Kick-starting a new series that cuts the jargon and gets to the heart of employment law is Mark Hunt, head of employment at Reed Smith who looks at the legalities of giving an employee the boot for reasons other than performance.
The bottom line is that all employees in the UK have rights. They have rights in their contracts of employment (which may be in writing or may be verbally agreed or implied by virtue of custom and practice). Often that contract will specify what notice is to be given by you (as the employer) to lawfully terminate the contract. However, in addition to contractual rights employees also have various statutory rights.
Statutory rights include the right not to be unfairly dismissed (which applies in most cases after an employee has been with you for a year) and the right not to be discriminated against on various grounds (which applies regardless of length of service). Therefore, before dismissing someone for any reason, you must ensure that you at least understand what, if any, rights that employee may have in the circumstances and what you will need to do to minimise the risk of breaching any of those rights if you do go ahead and dismiss.
This question raises many potential risks and in order to be able to answer it, further questions need to be asked in return. These include:
- Why does no one like this person?
- What, if anything, has already been done to address the issue?
- How long has this person been employed by you?
- What does their contract of employment say about termination?
If the reason that no one likes an employee is directly or indirectly because of their race, nationality, sex, religion or belief, disability or sexual orientation, the fact that they work part time or on a fixed term basis or (from October this year) because of their age, then dismissing them will constitute unlawful discrimination on the relevant ground (and will almost certainly be an unfair dismissal). This will expose you to a possible award being made against you of unlimited compensation.
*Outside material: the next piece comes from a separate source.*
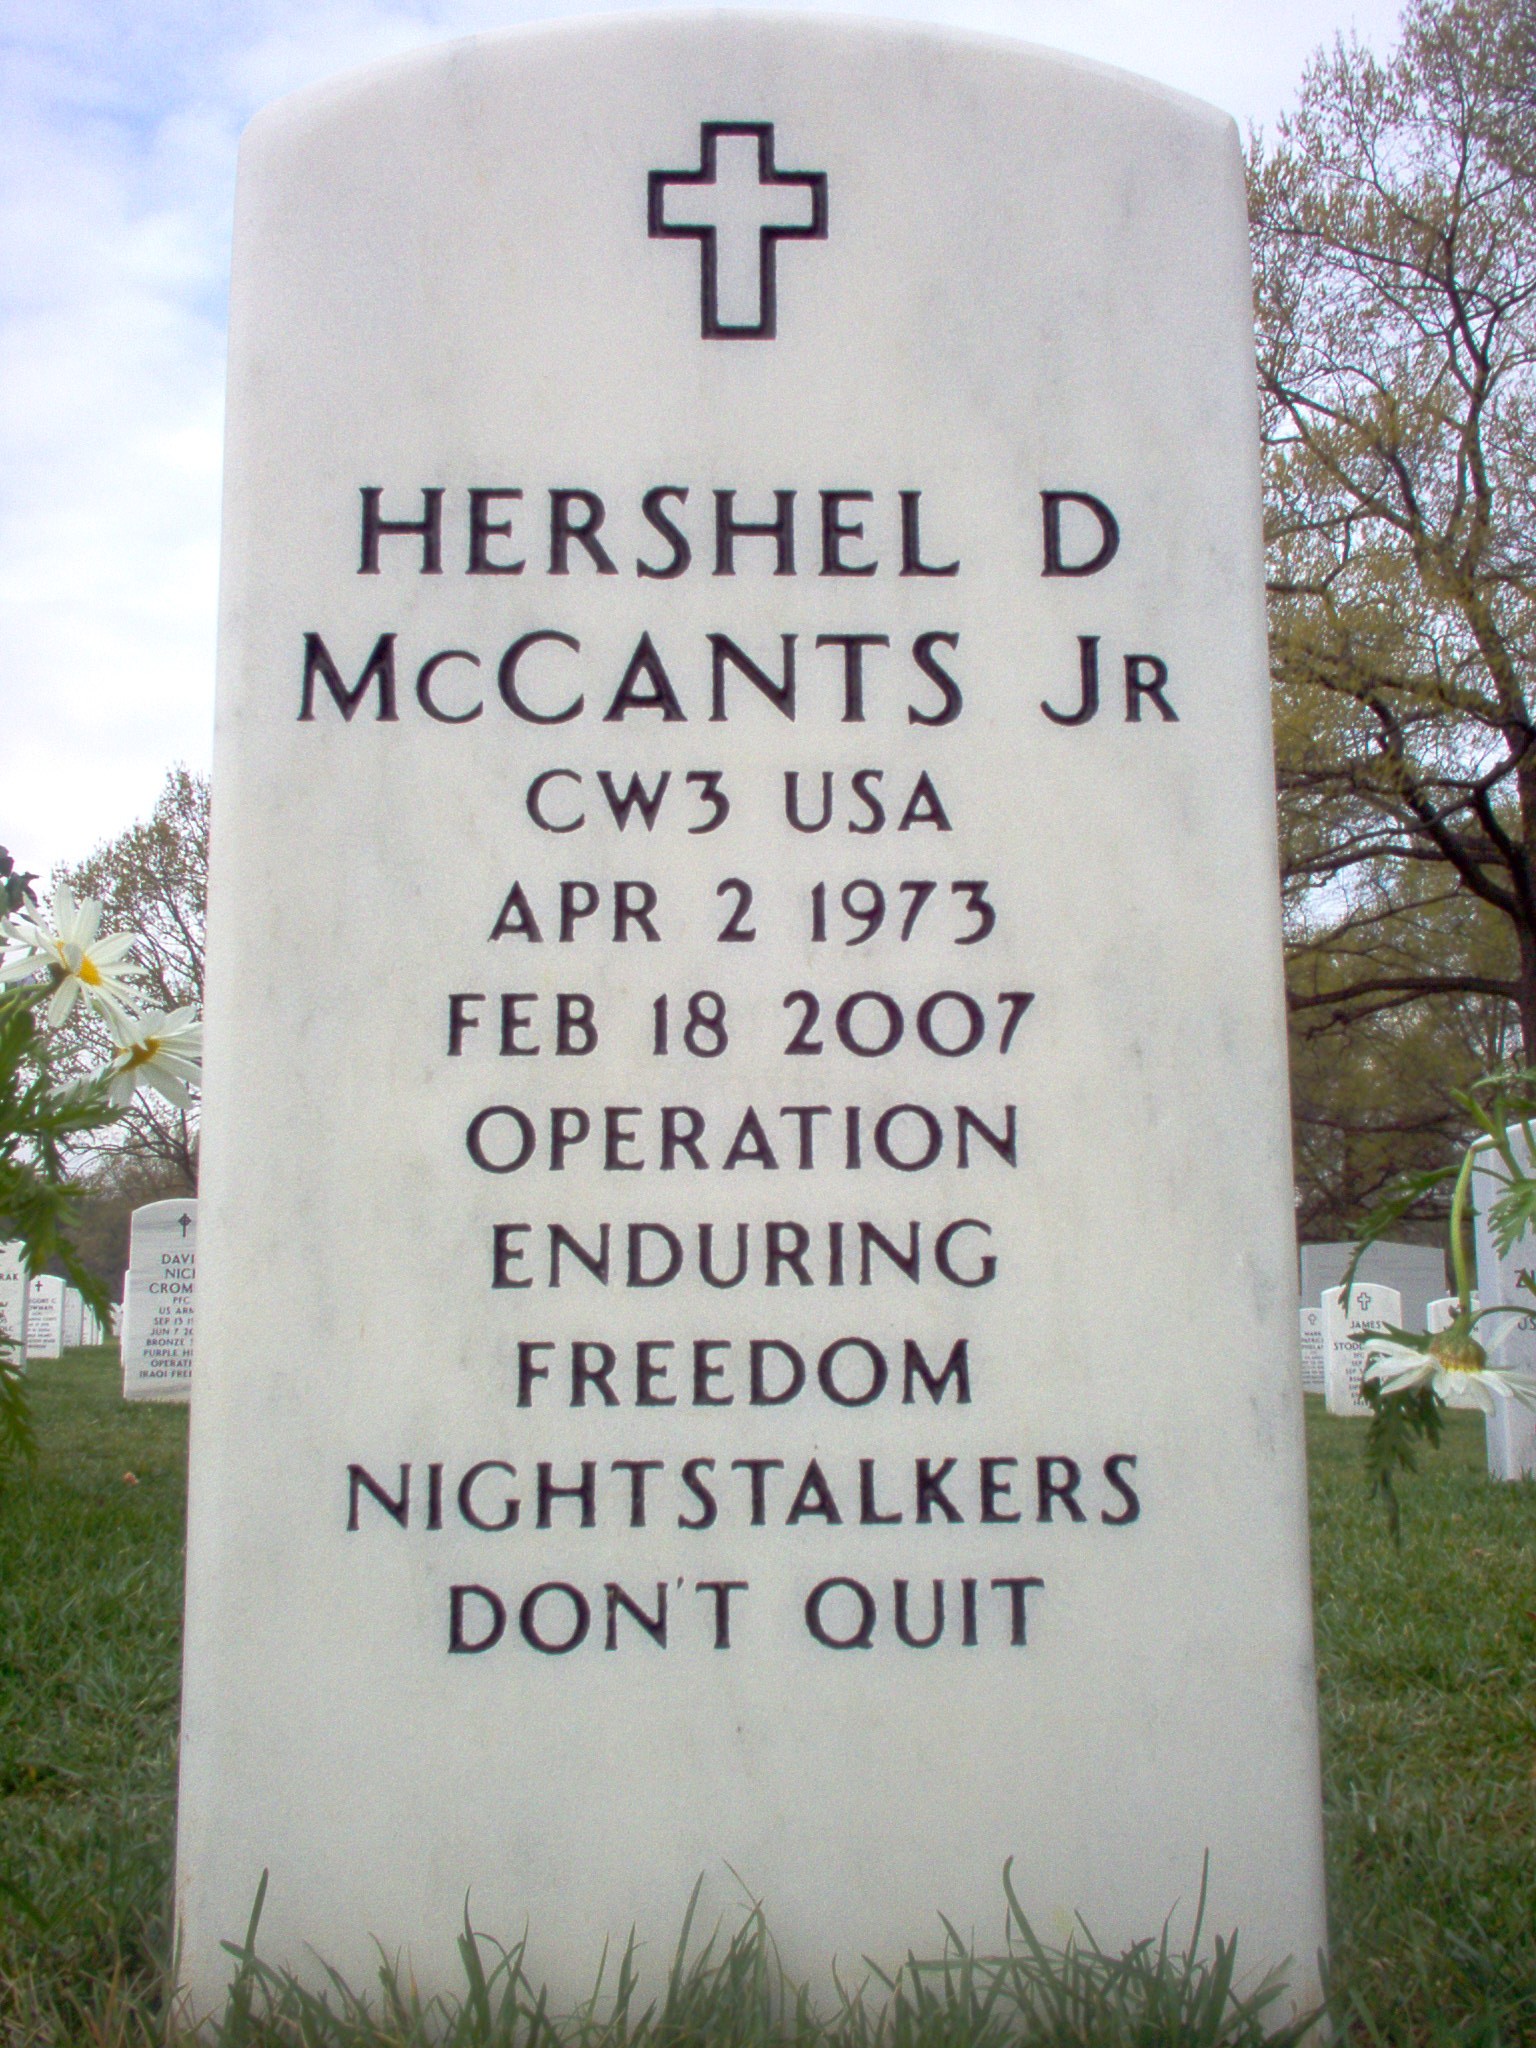 hdmccantsjr-gravesite-photo-april-2007-002
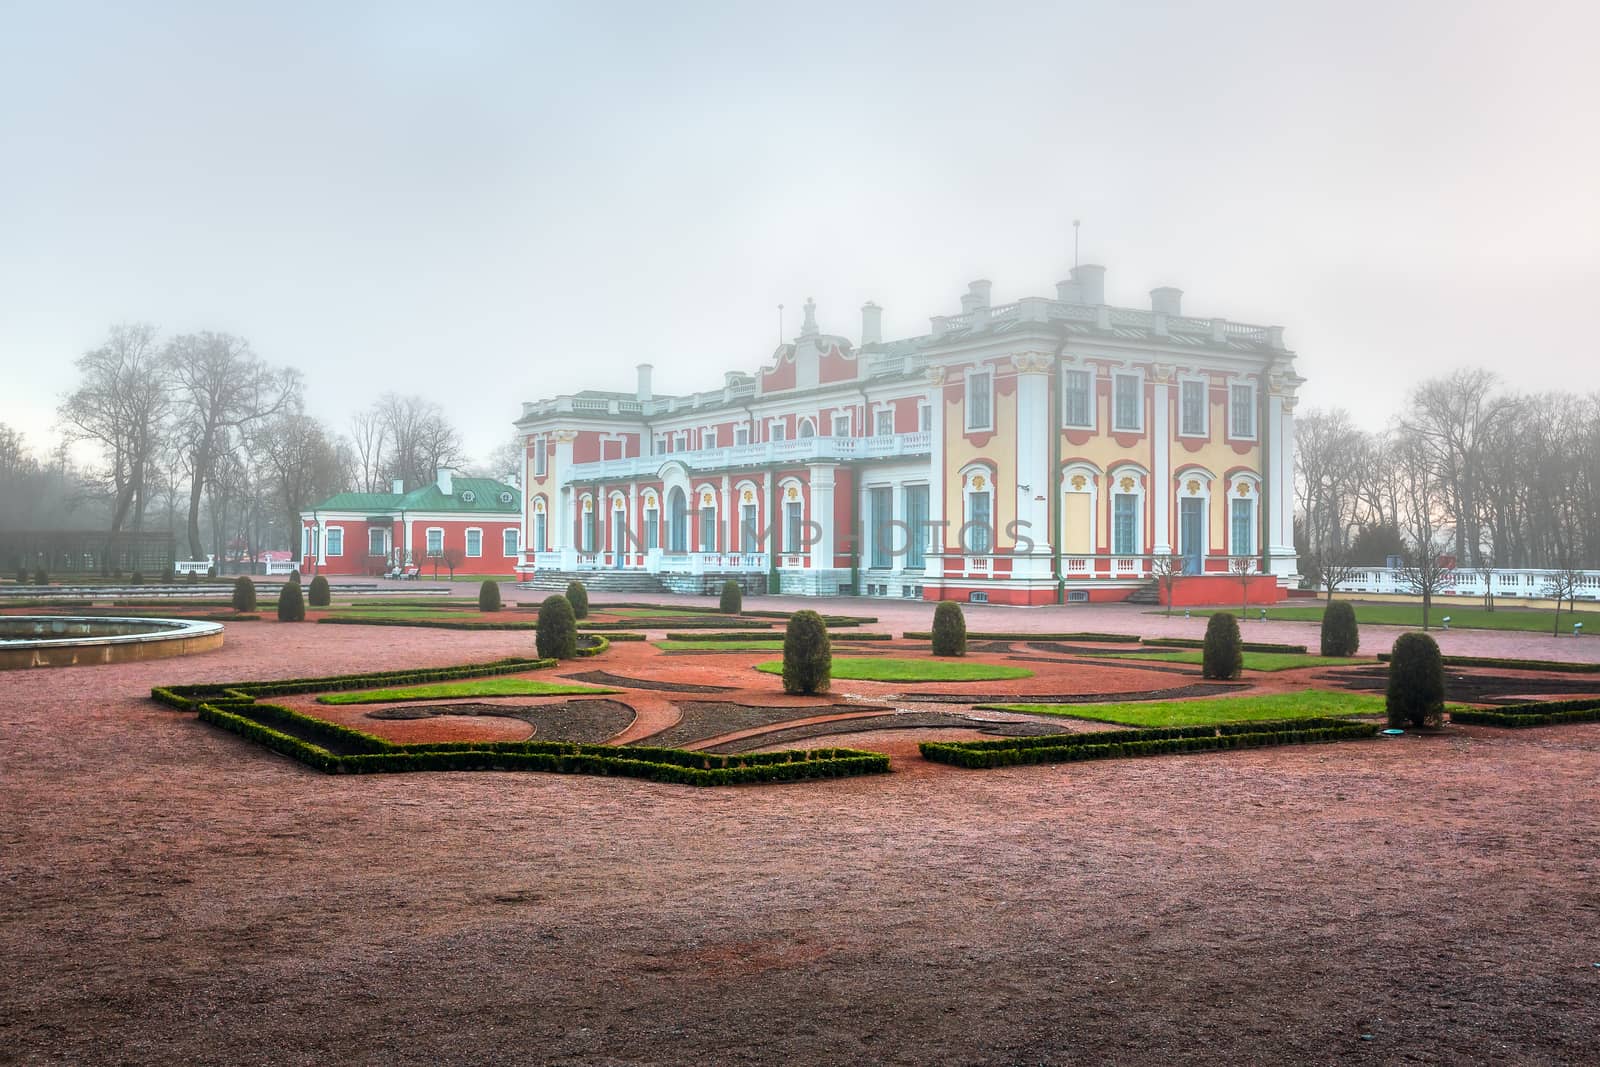 The Kadriorg Palace built by Tsar Peter the Great in Tallinn, Es by anshar

If, however, the reason that no one gets on with the employee is not for one of the reasons outlined above (i.e. they don’t pull their weight, they are a bully or for some other reason that could not be construed as one of the factors referred to above), then it may be possible to dismiss the employee without incurring significant cost. The statutory right that you will have to worry about will be limited to the right not to be unfairly dismissed.
There are five fair reasons for dismissal and an employee will only be able to claim that they have been unfairly dismissed if they have worked for you for a year or more.
So, if the employee has been with you for less than a year, as long as you give them the relevant period of notice specified in their employment contract and they leave before the first anniversary of their start date, that should be the end of it. If they have been with you for more than a year, however, things are more complex.
One of the five fair reasons for dismissal is a catch-all “some other substantial reason”. It has been accepted that dismissing someone because they do not fit in and are unpopular with other workers does fall under that heading.
However, to dismiss someone fairly in such circumstances, you would need to demonstrate that you had thoroughly investigated the alternatives to dismissal (i.e. re-deployment or tackling the root cause of their unpopularity and had consulted fully with the employee concerned) and that the decision to dismiss was a reasonable one in the circumstances.
Failure to do so will expose you to the risk of a successful unfair dismissal claim, which could result in an order that the employee is re-employed by you or that you pay the employee compensation of up to £67,100.
The alternative solution, of course, would be to dismiss the person anyway in accordance with the terms of their contract and then settle whatever claim they may bring (if any) with an appropriate amount of compensation and a binding settlement agreement.